EXERCISE | Write the data out again exactly, with no pictures.

SUPPLIED DATA |

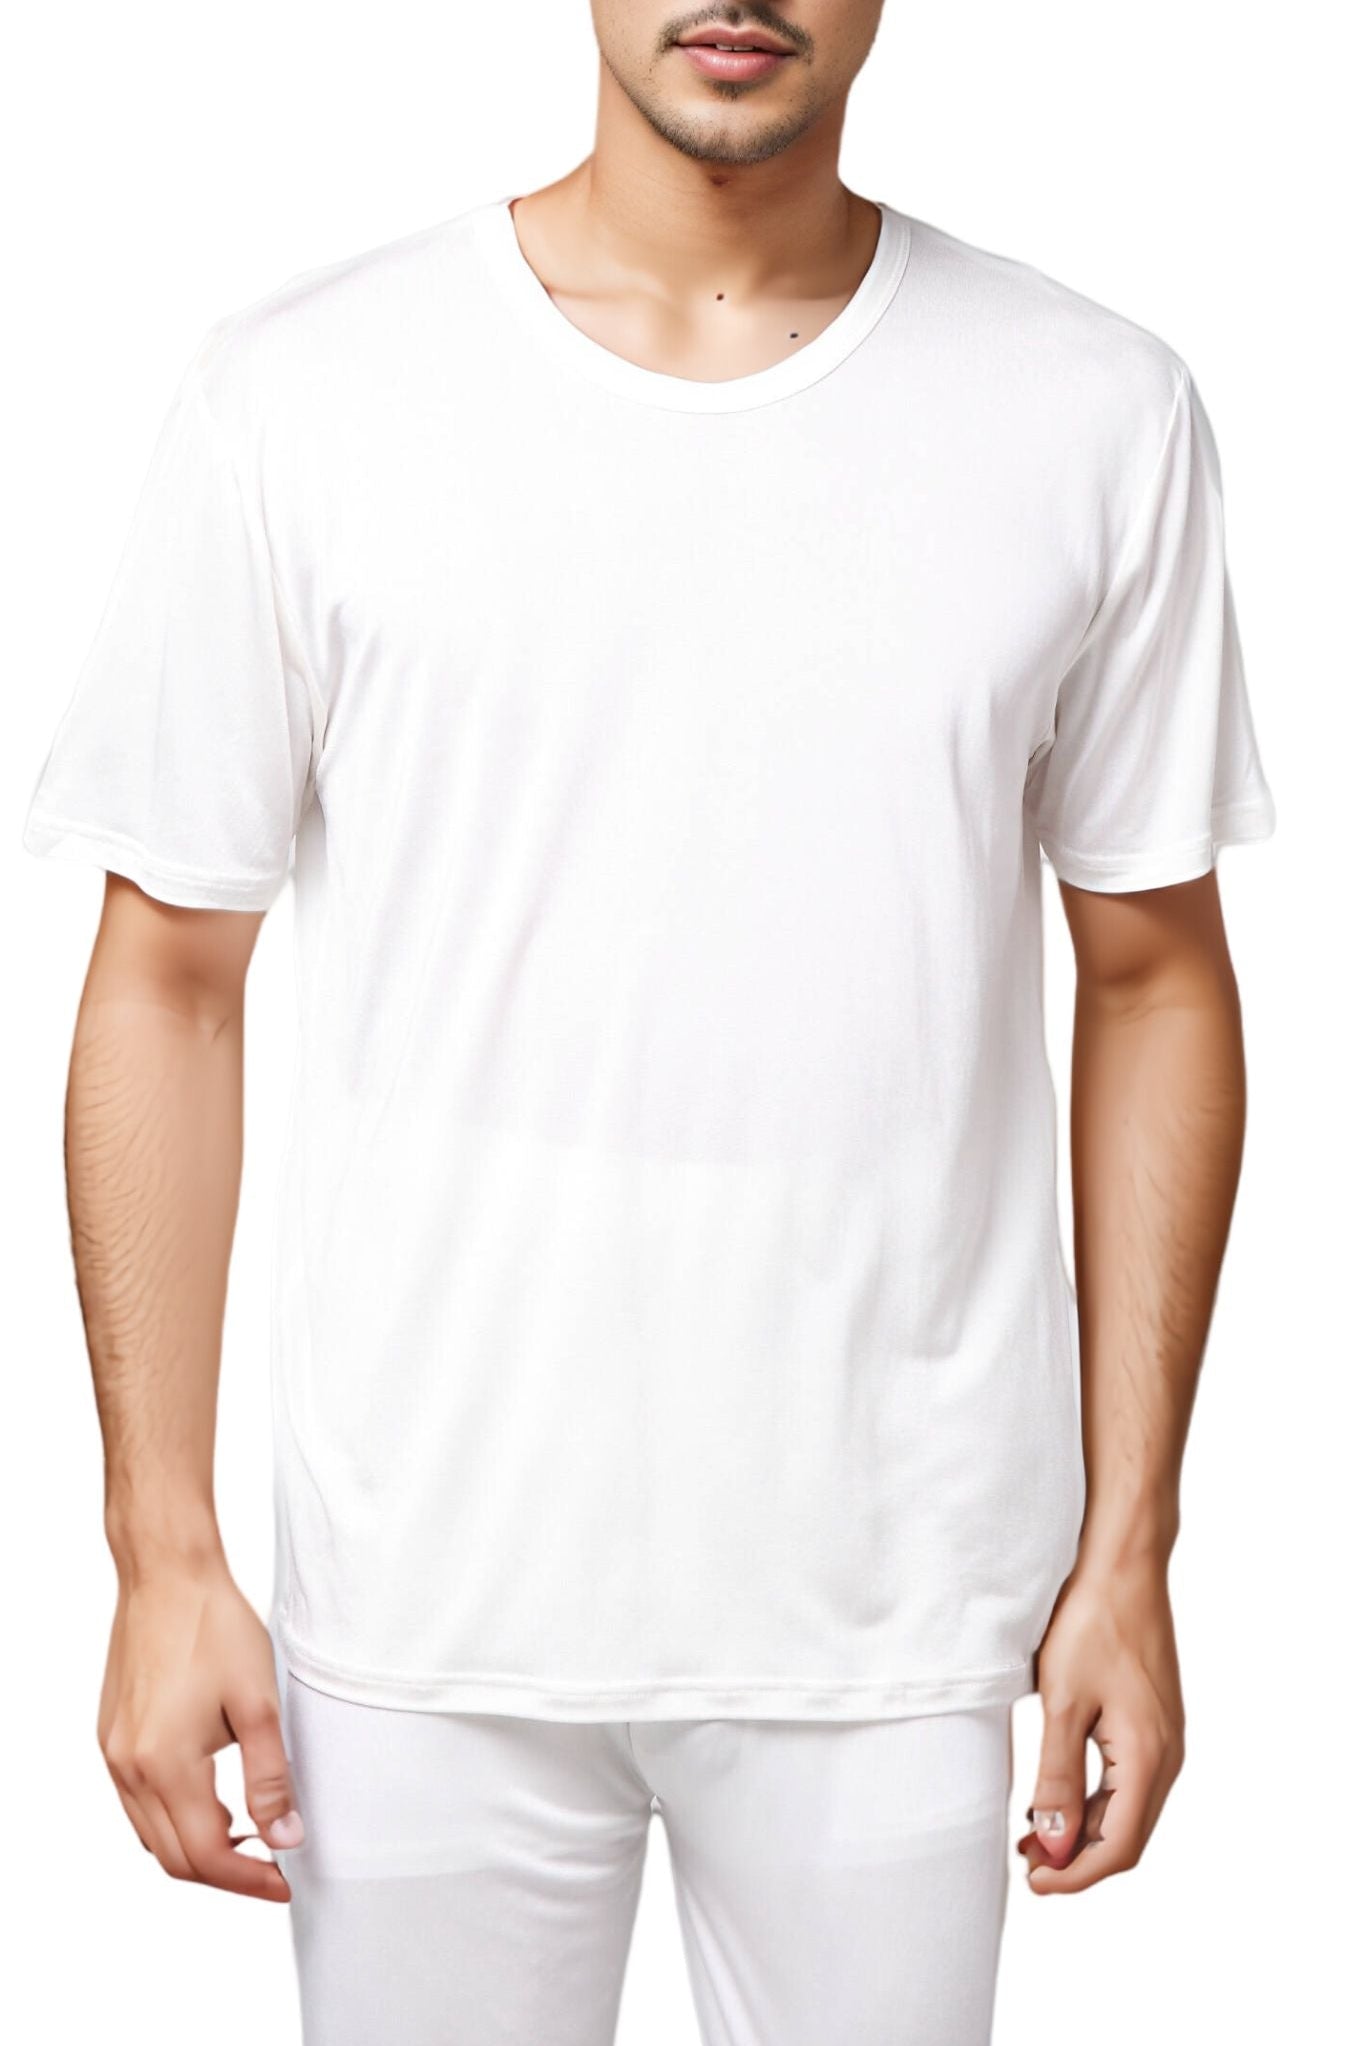 image of a man wearing ultra-lite natural silk shirt
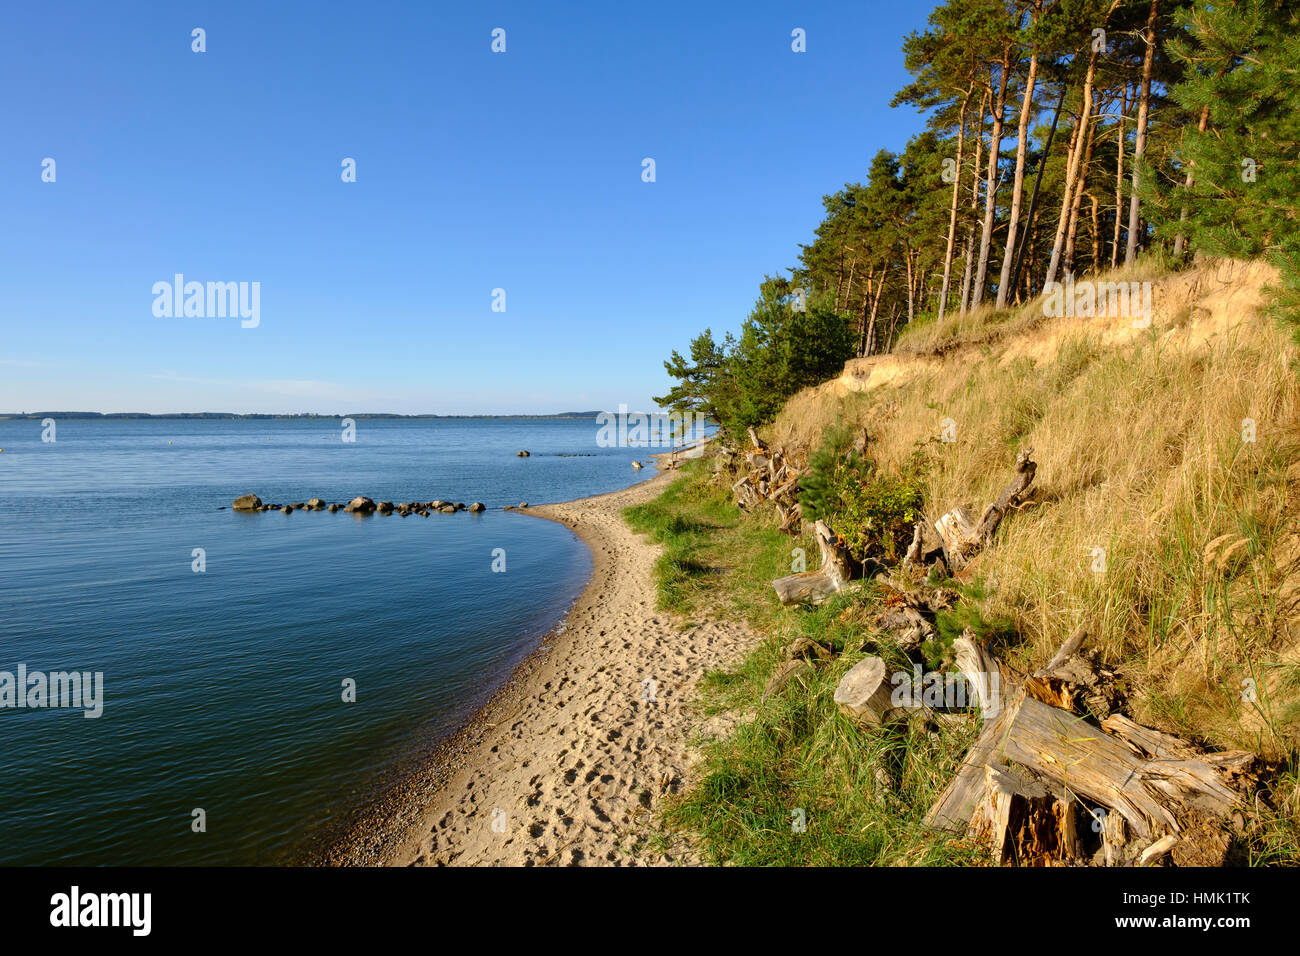 Shore con alberi di pino, Penisola Peenestrom Gnitz, Luetow, Usedom, Meclemburgo-Pomerania, Germania Foto Stock
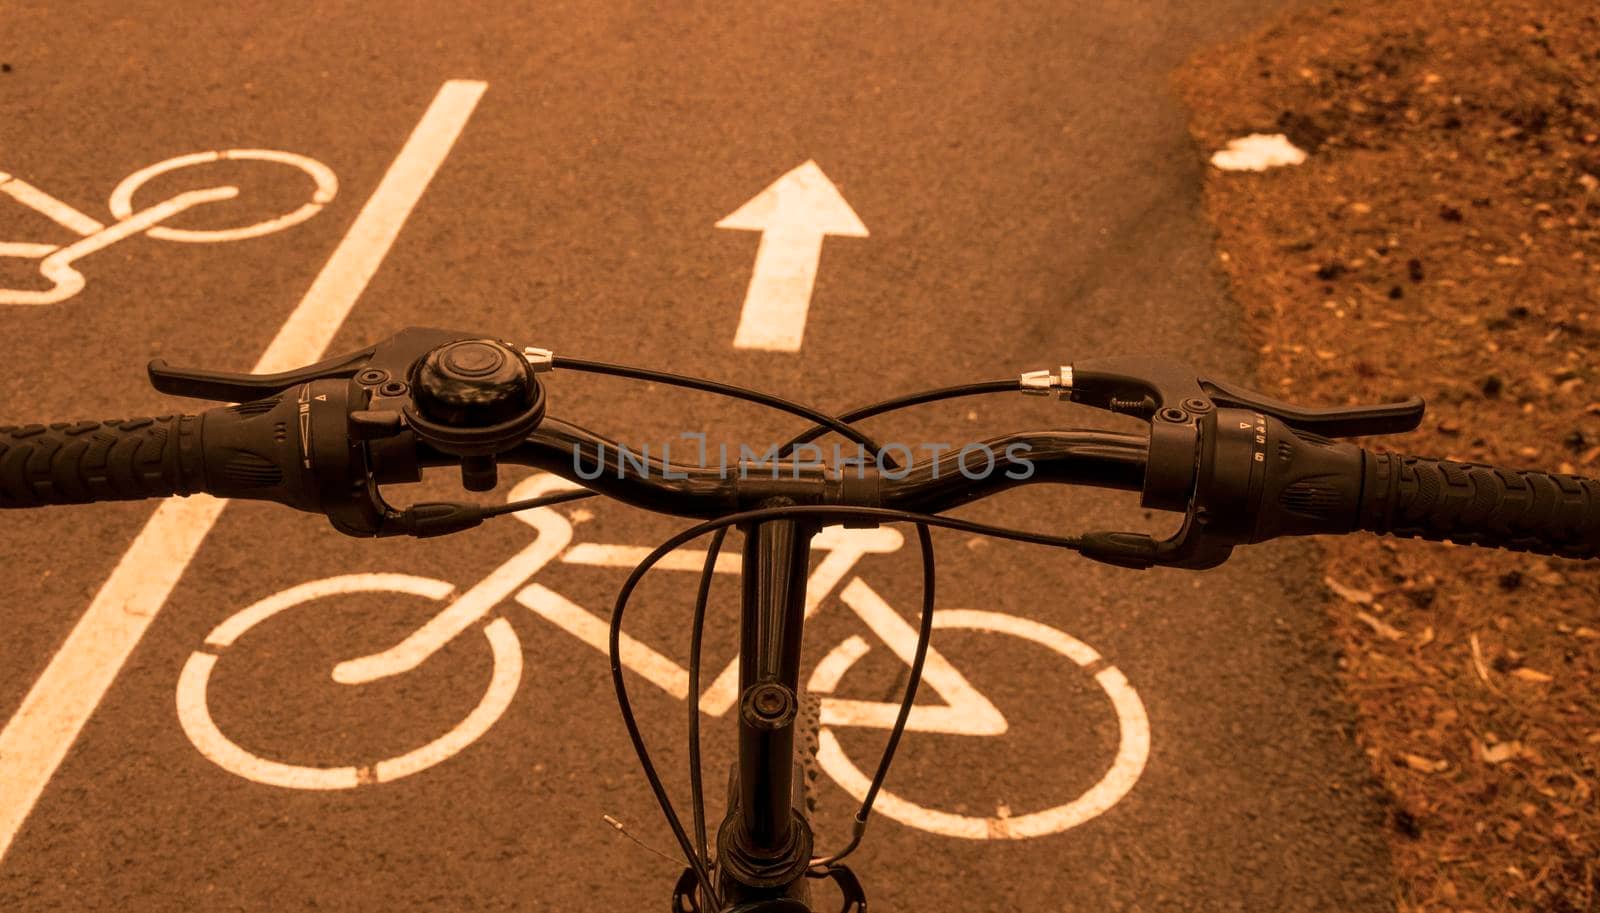 Bike path in a city Park, bike path sign on asphalt by inxti

OUTPUT OF THE EXERCISE |
 image of a man wearing ultra-lite natural silk shirt
 Shore con alberi di pino, Penisola Peenestrom Gnitz, Luetow, Usedom, Meclemburgo-Pomerania, Germania Foto Stock
 Bike path in a city Park, bike path sign on asphalt by inxti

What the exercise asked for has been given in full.